SOURCE DATA below:
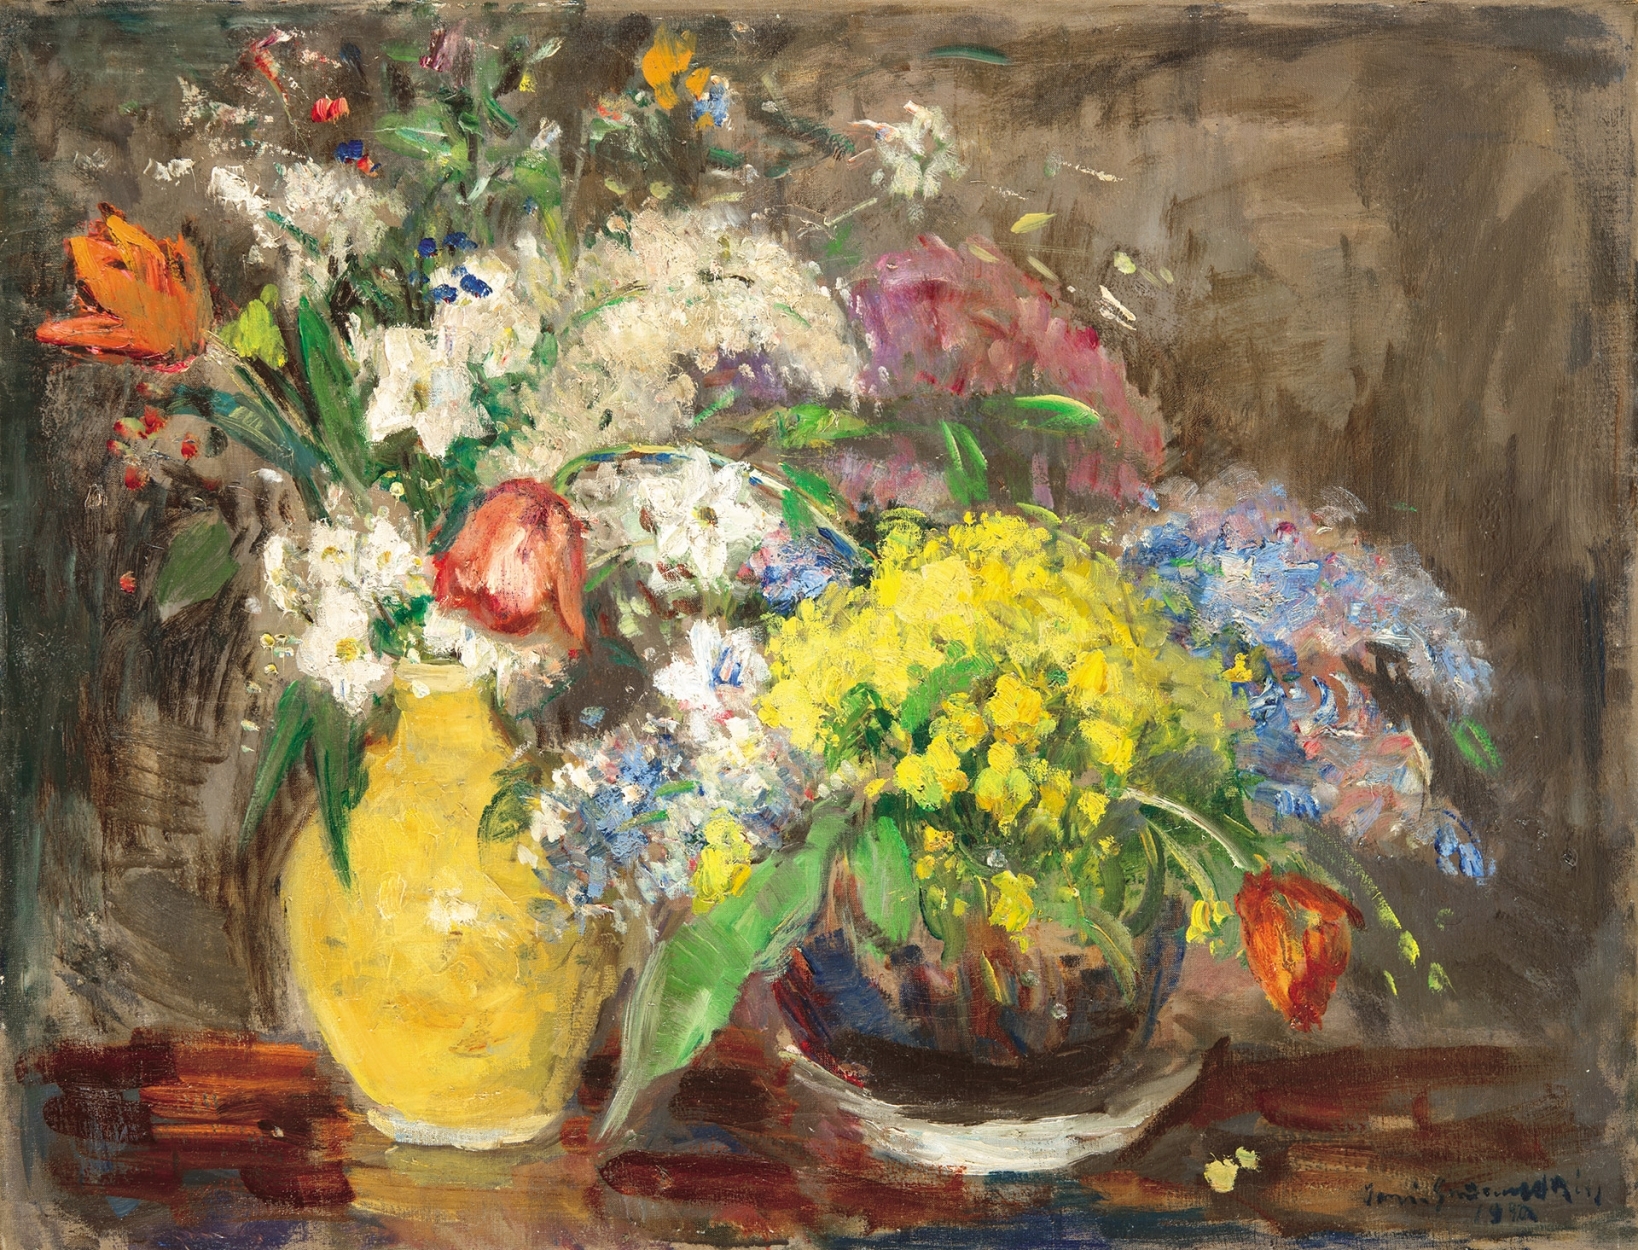 Iványi Grünwald Béla (1867-1940) Flowers in a Jar on a Platter, 1940
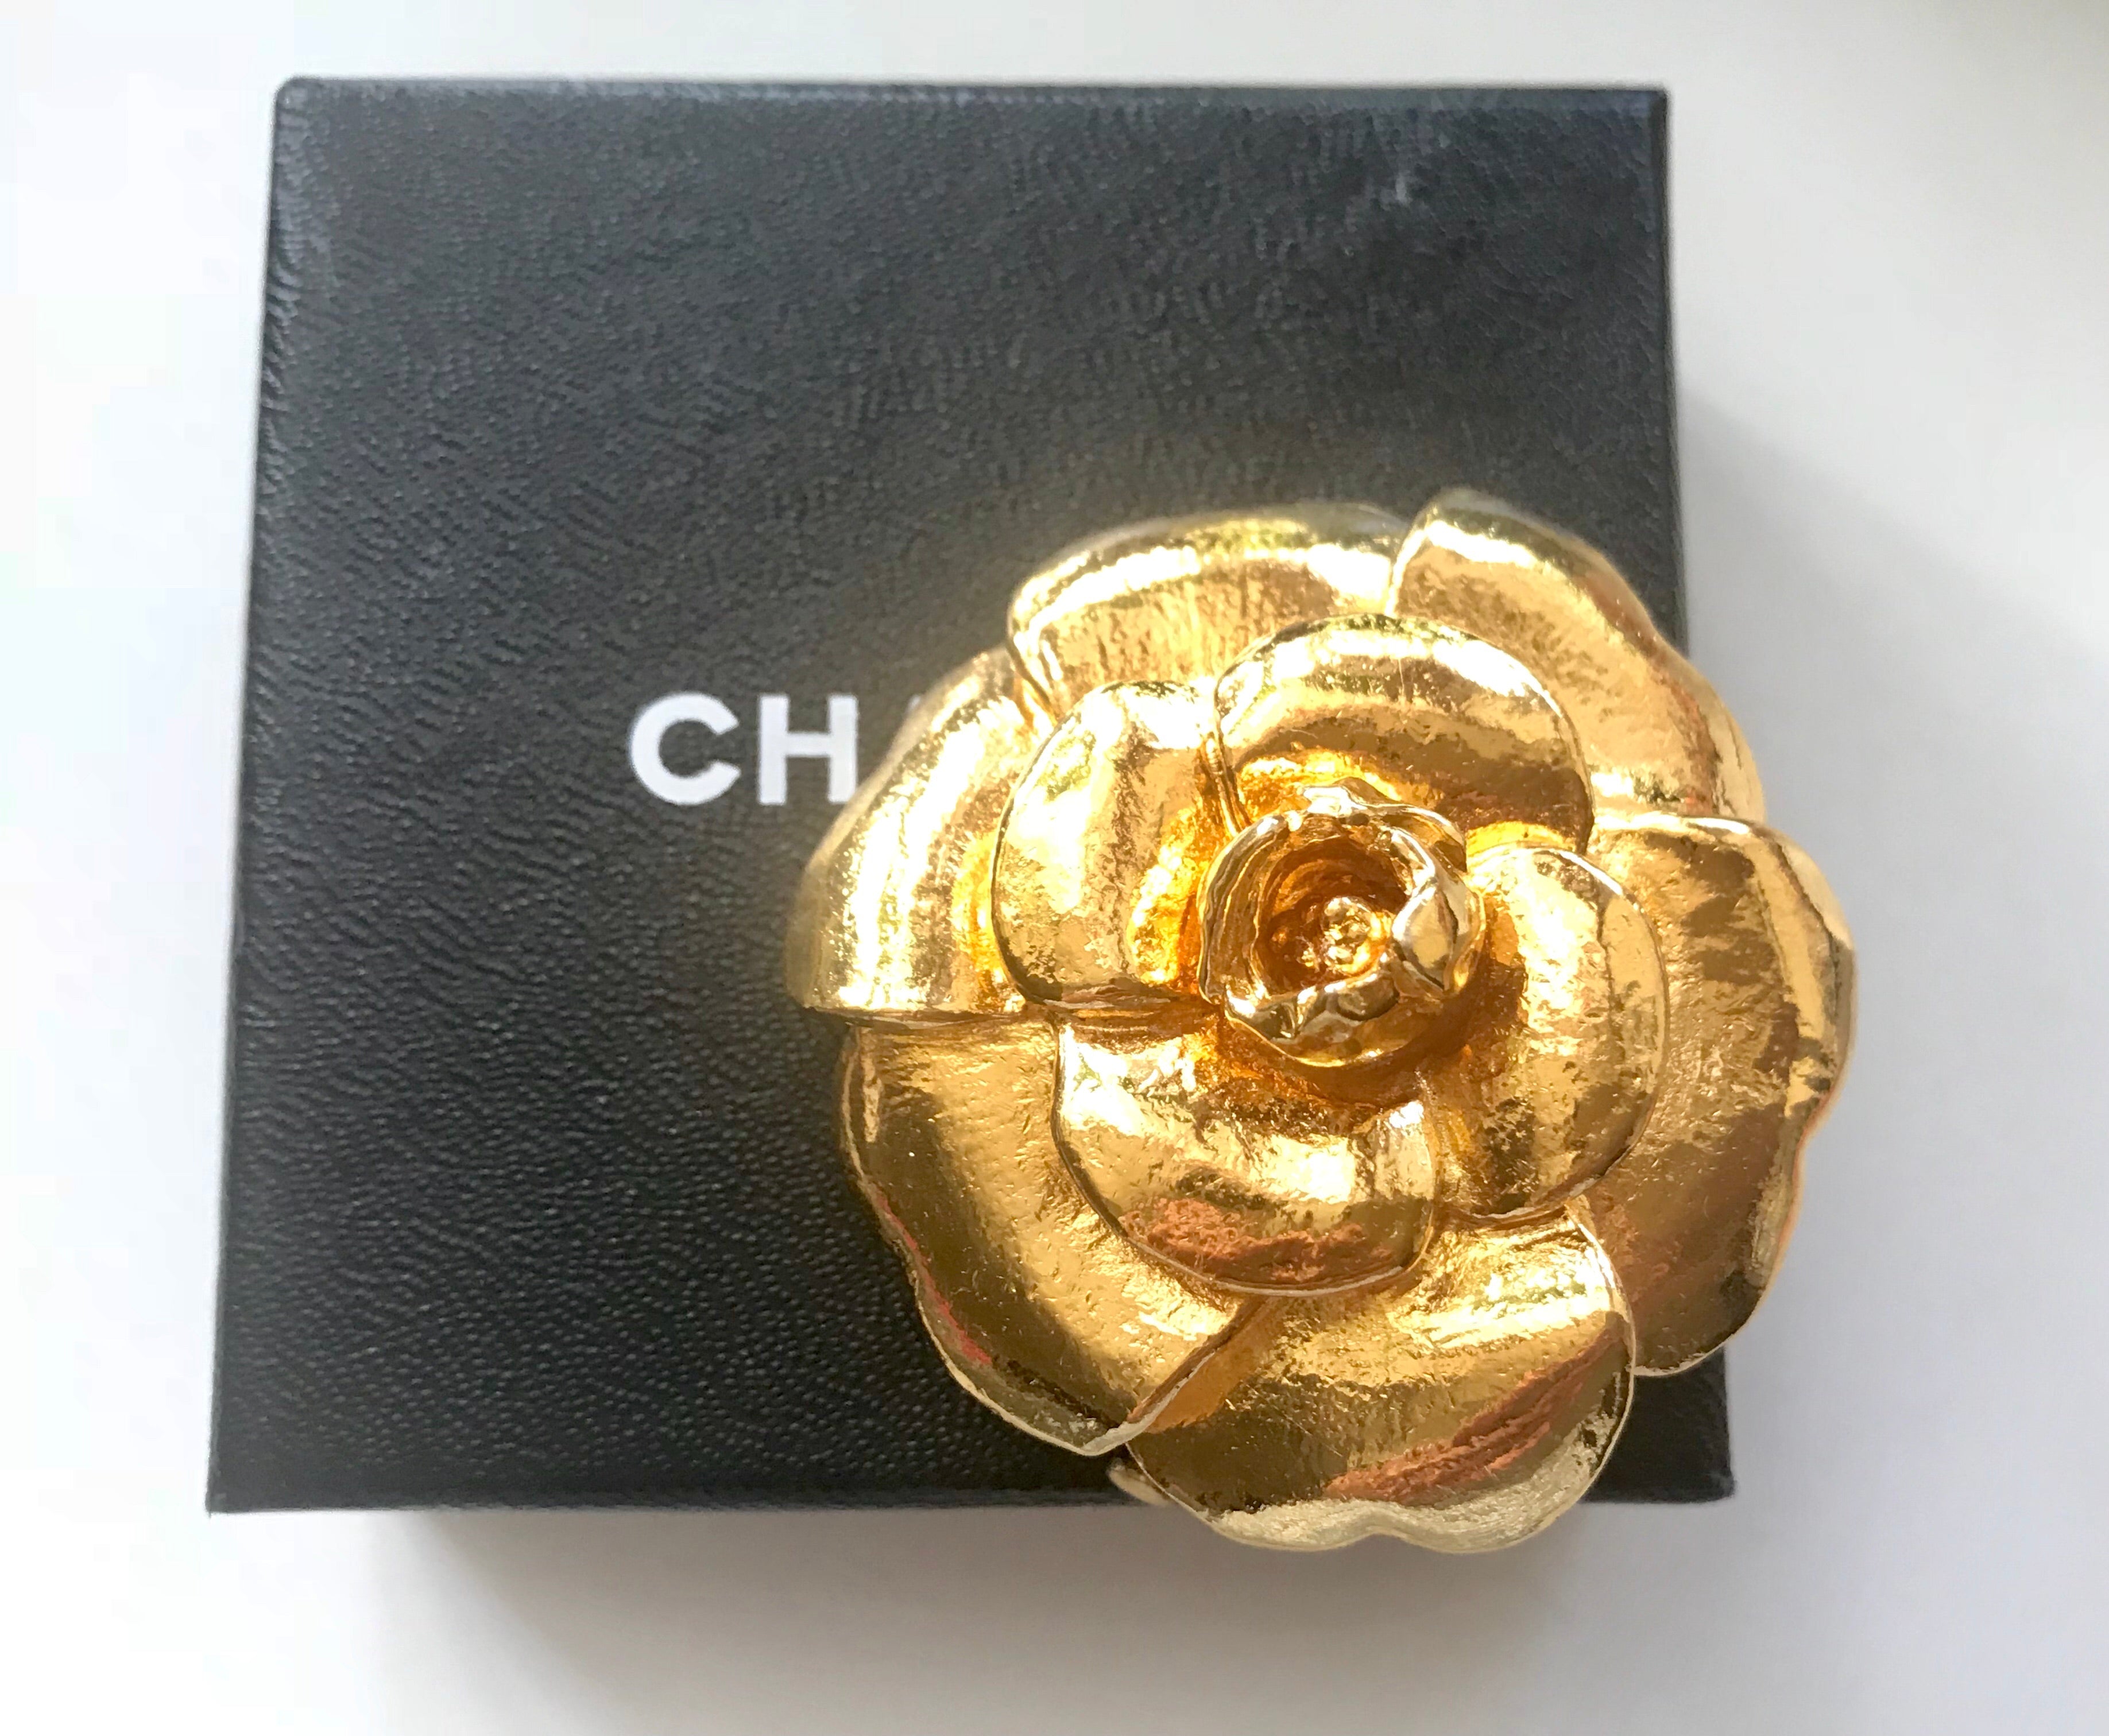 chanel rose flower
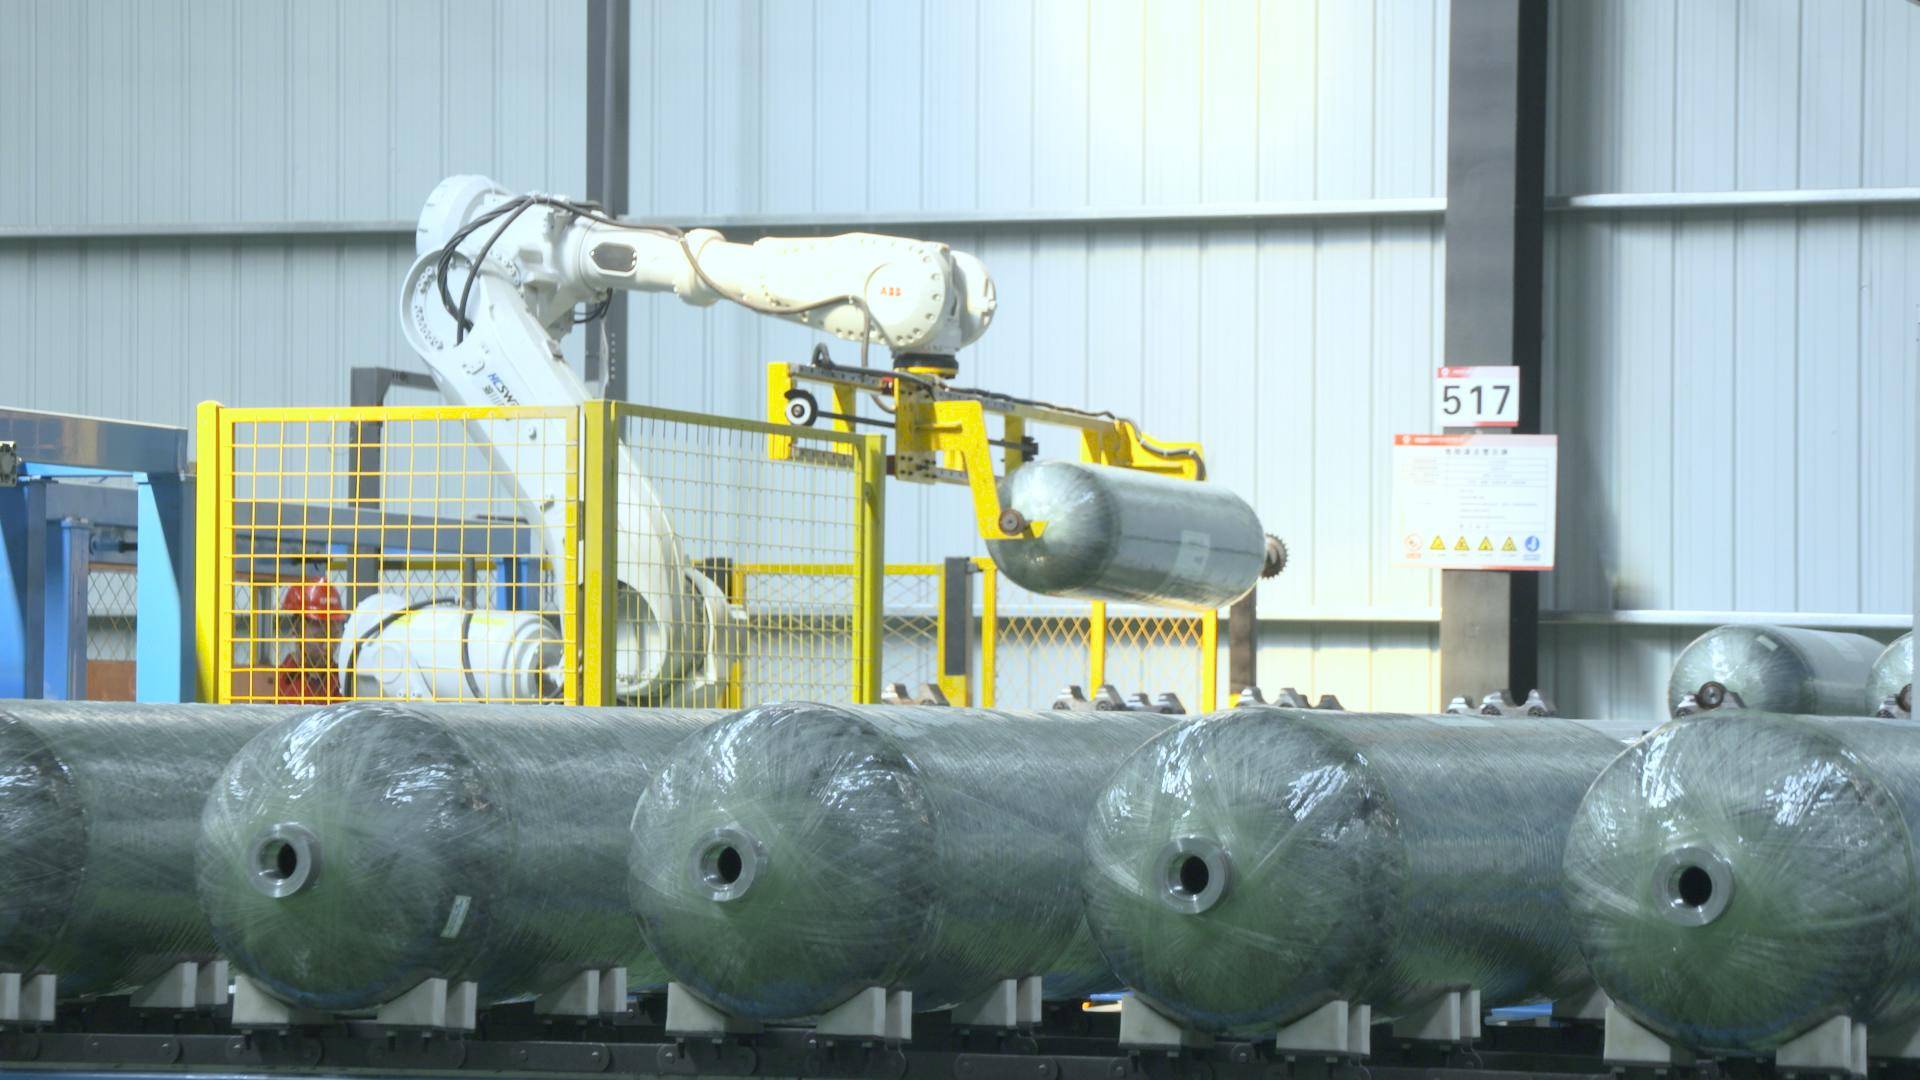 成都将诞生亚太区域最大储氢瓶单体制造工厂
End of SOURCE DATA.
• [TASK TO COMPLETE] The data above must be given back verbatim, minus its images.

• [RESPONSE]
 Iványi Grünwald Béla (1867-1940) Flowers in a Jar on a Platter, 1940
 chanel rose flower
 成都将诞生亚太区域最大储氢瓶单体制造工厂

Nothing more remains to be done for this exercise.